В ее доме, создававшемся изо дня в день, где каждая вещь, каждая безделушка, каждая мелочь приносили радость, прибавляя крупицу счастья, теперь хозяйничали полицейские, передвигали мебель, топтали и шарили повсюду, словно желая все уничтожить… В этом доме Уго растил ее день за днем, вливая свет познания в ее смятенную душу» уча Джезуину не столько словами, сколько делом, показывая, кто ее друзья и кто враги, навсегда освобождая от прошлого, еще долго омрачавшего ее дух. Но черная тень рассеивалась с каждым днем все больше, и наконец Джезуина стала думать о том, что осталось позади, как о пережитом какой-то другой женщиной, которая лишь внешне походила на нее. И даже мало походила, ибо Джезуина сама видела, что становится красивее или, во всяком случае, более энергичной и живой. Вот именно — более живой.

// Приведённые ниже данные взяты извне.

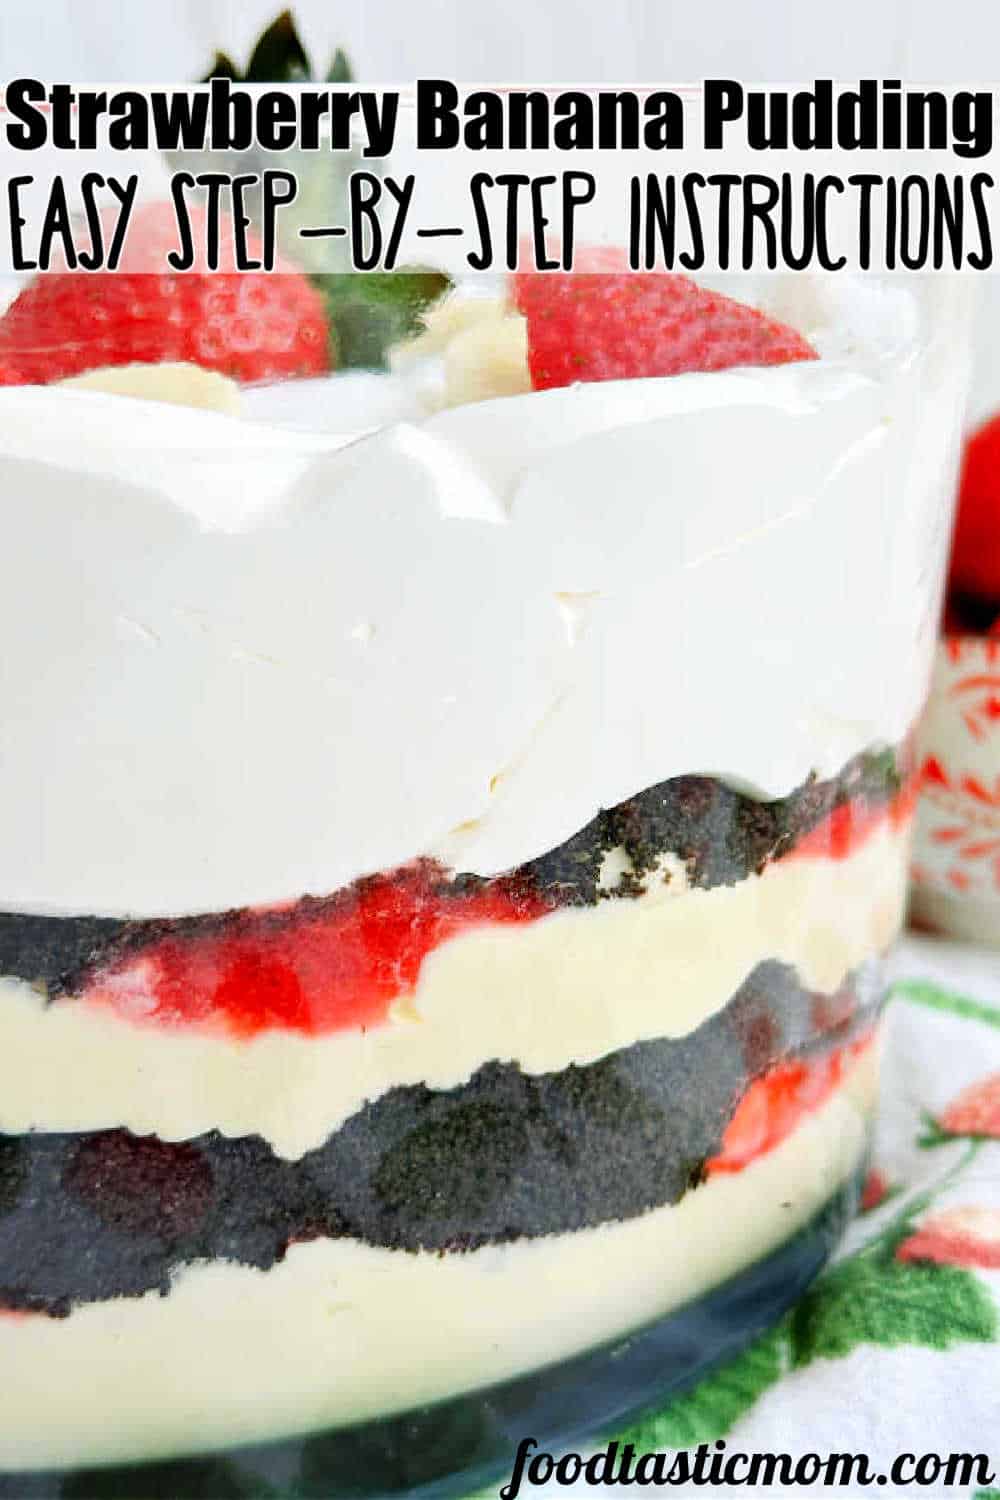 pin 3 for pinterest for strawberry banana pudding via @foodtasticmom

Живой! А прошлое было мертво. И не только потому, что Джезуина хотела, чтоб оно умерло, как это получилось у Освальдо; оно само по себе умерло в ней, в ее душе. Но Джезуина сохранила от этого прошлого нечто поучительное, трудноопределимое — то, что она называла «опытом».
— В жизни можно ошибаться, если не знаешь, что хорошо и что плохо. Но уж если раз поймешь — больше ошибиться нельзя, — говорила она.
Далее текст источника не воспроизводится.